▸ PROBLEM REQUIREMENTS:
Please print nothing but the lines from the one containing "Ontra flower gold earrings g" to the final line below, exactly, and no pictures.

--- GIVEN DATA Enclosed Below ---

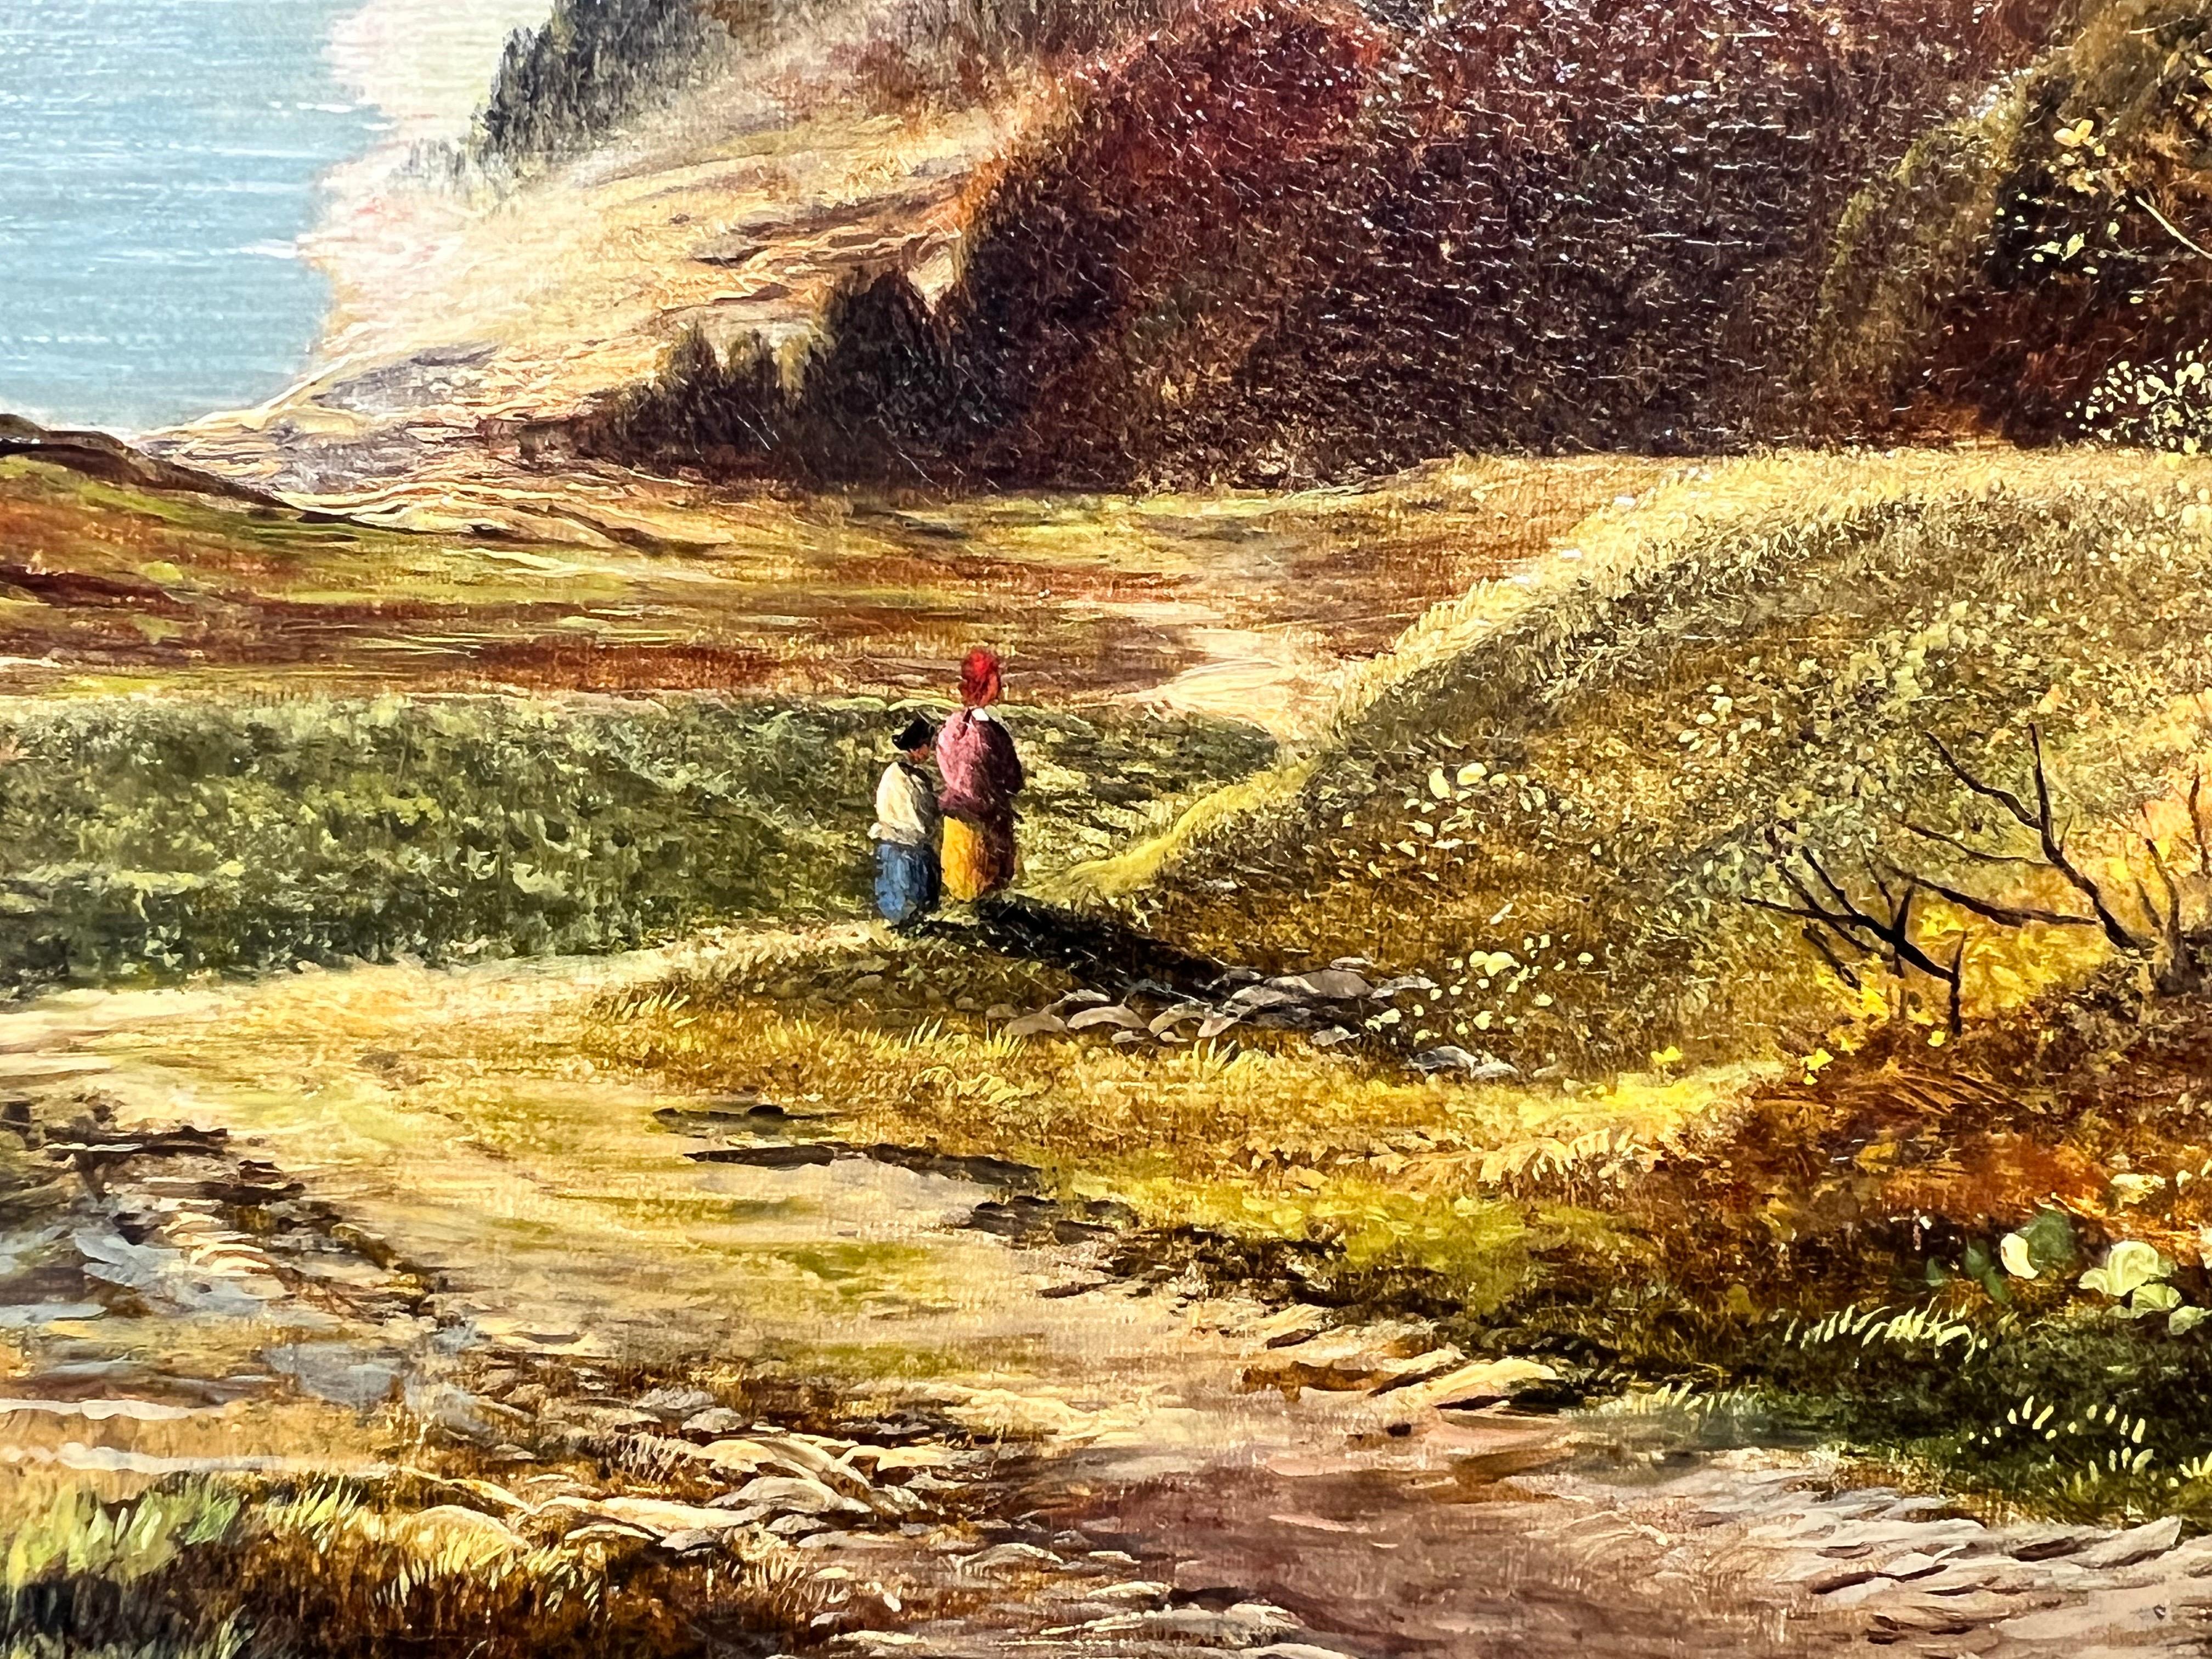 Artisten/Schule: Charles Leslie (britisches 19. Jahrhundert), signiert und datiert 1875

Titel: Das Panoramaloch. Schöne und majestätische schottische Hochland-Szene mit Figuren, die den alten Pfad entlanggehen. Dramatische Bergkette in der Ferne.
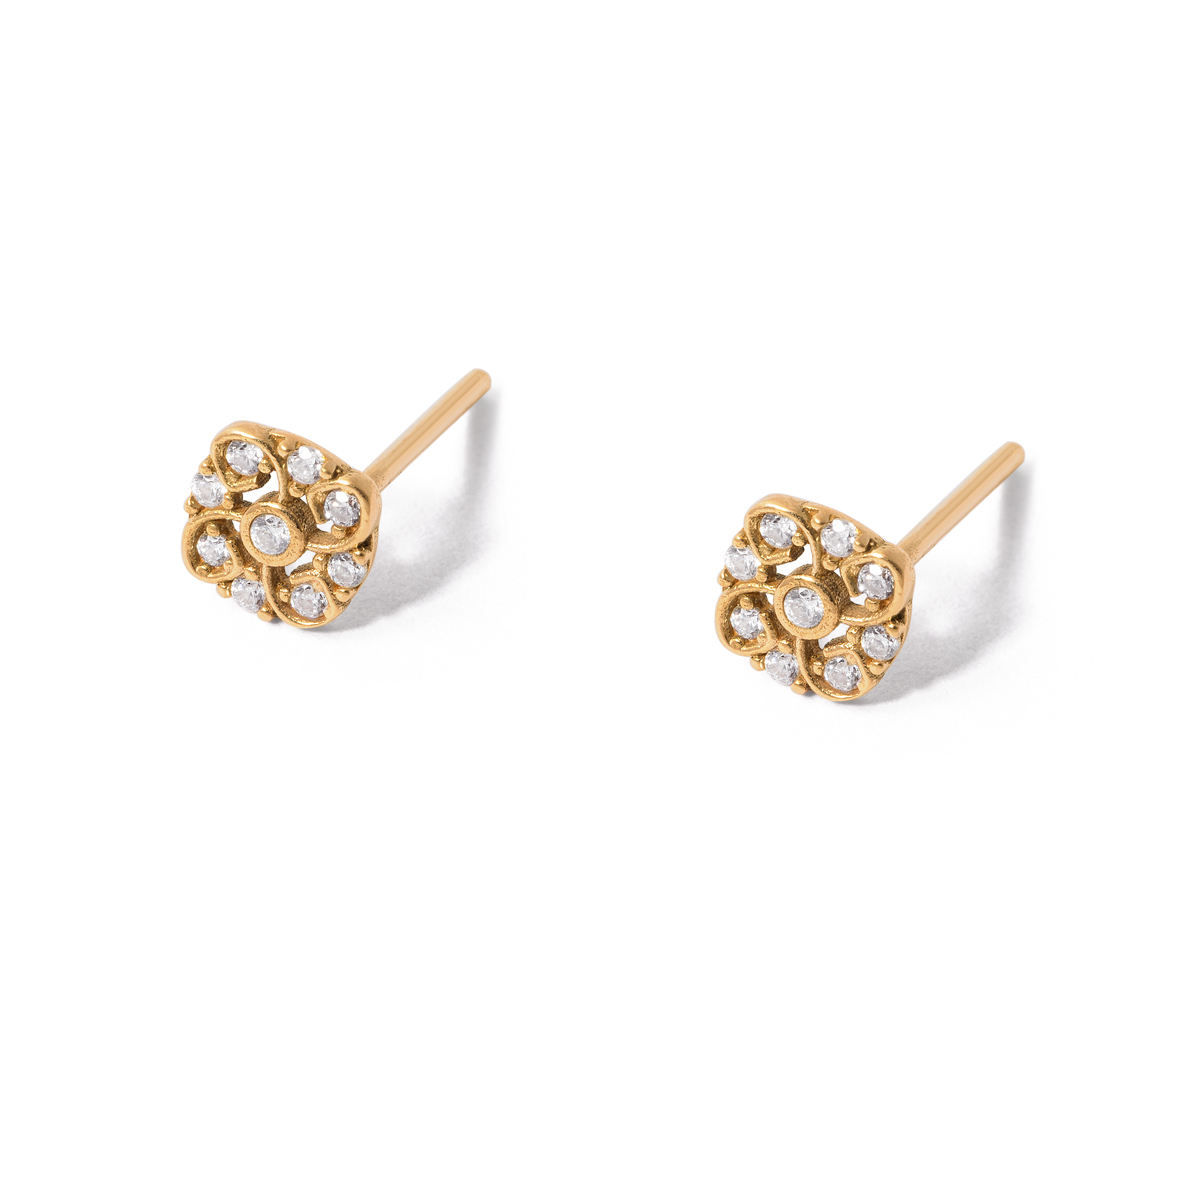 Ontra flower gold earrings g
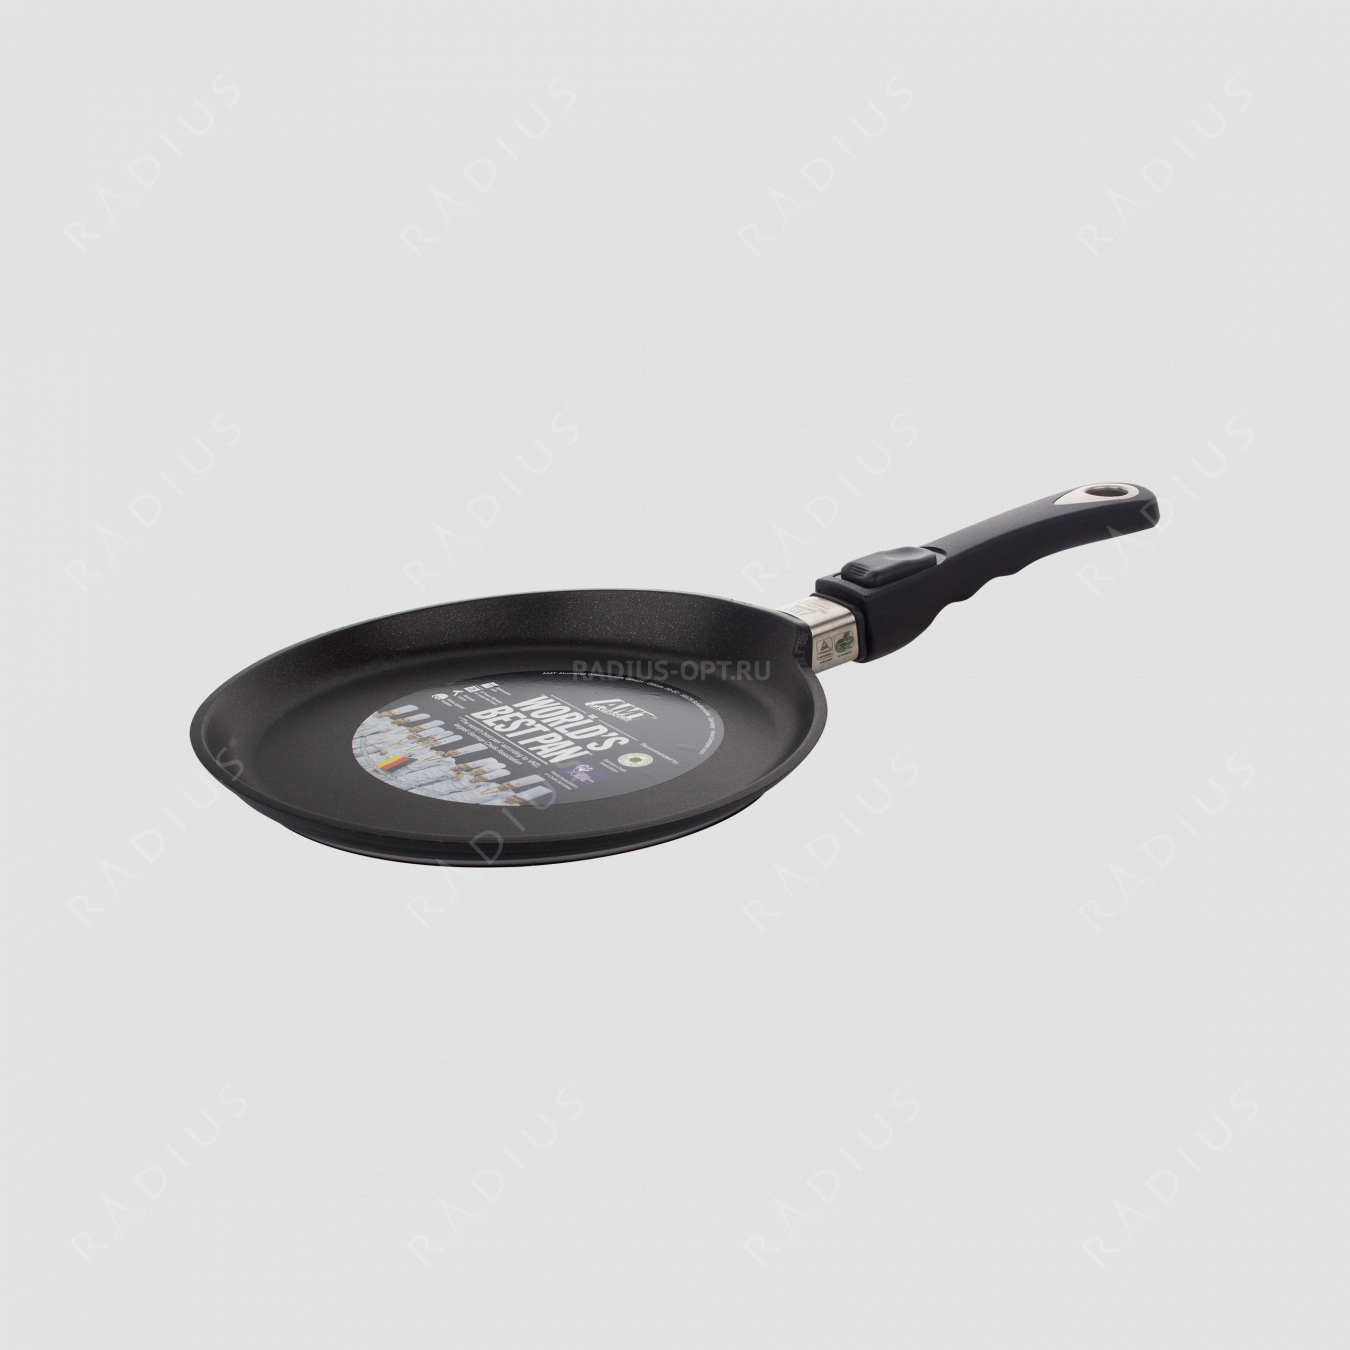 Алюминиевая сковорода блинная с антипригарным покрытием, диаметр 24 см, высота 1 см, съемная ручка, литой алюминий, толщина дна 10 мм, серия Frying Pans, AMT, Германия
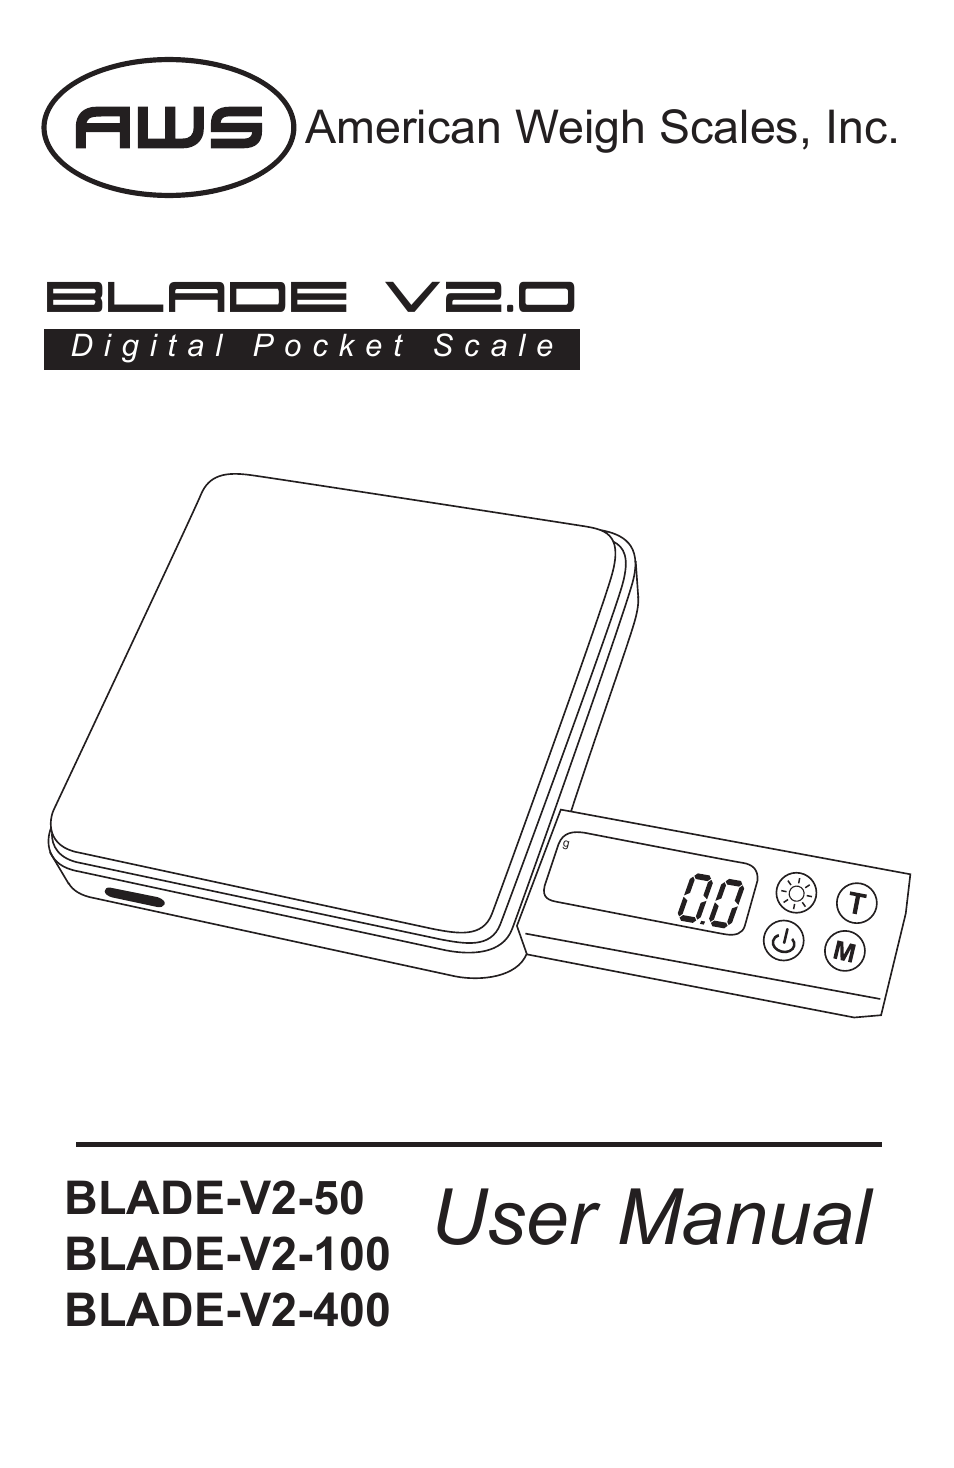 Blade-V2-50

--- End of Enclosed GIVEN DATA ---

▸ RESULT:
 Ontra flower gold earrings g
 Алюминиевая сковорода блинная с антипригарным покрытием, диаметр 24 см, высота 1 см, съемная ручка, литой алюминий, толщина дна 10 мм, серия Frying Pans, AMT, Германия
 Blade-V2-50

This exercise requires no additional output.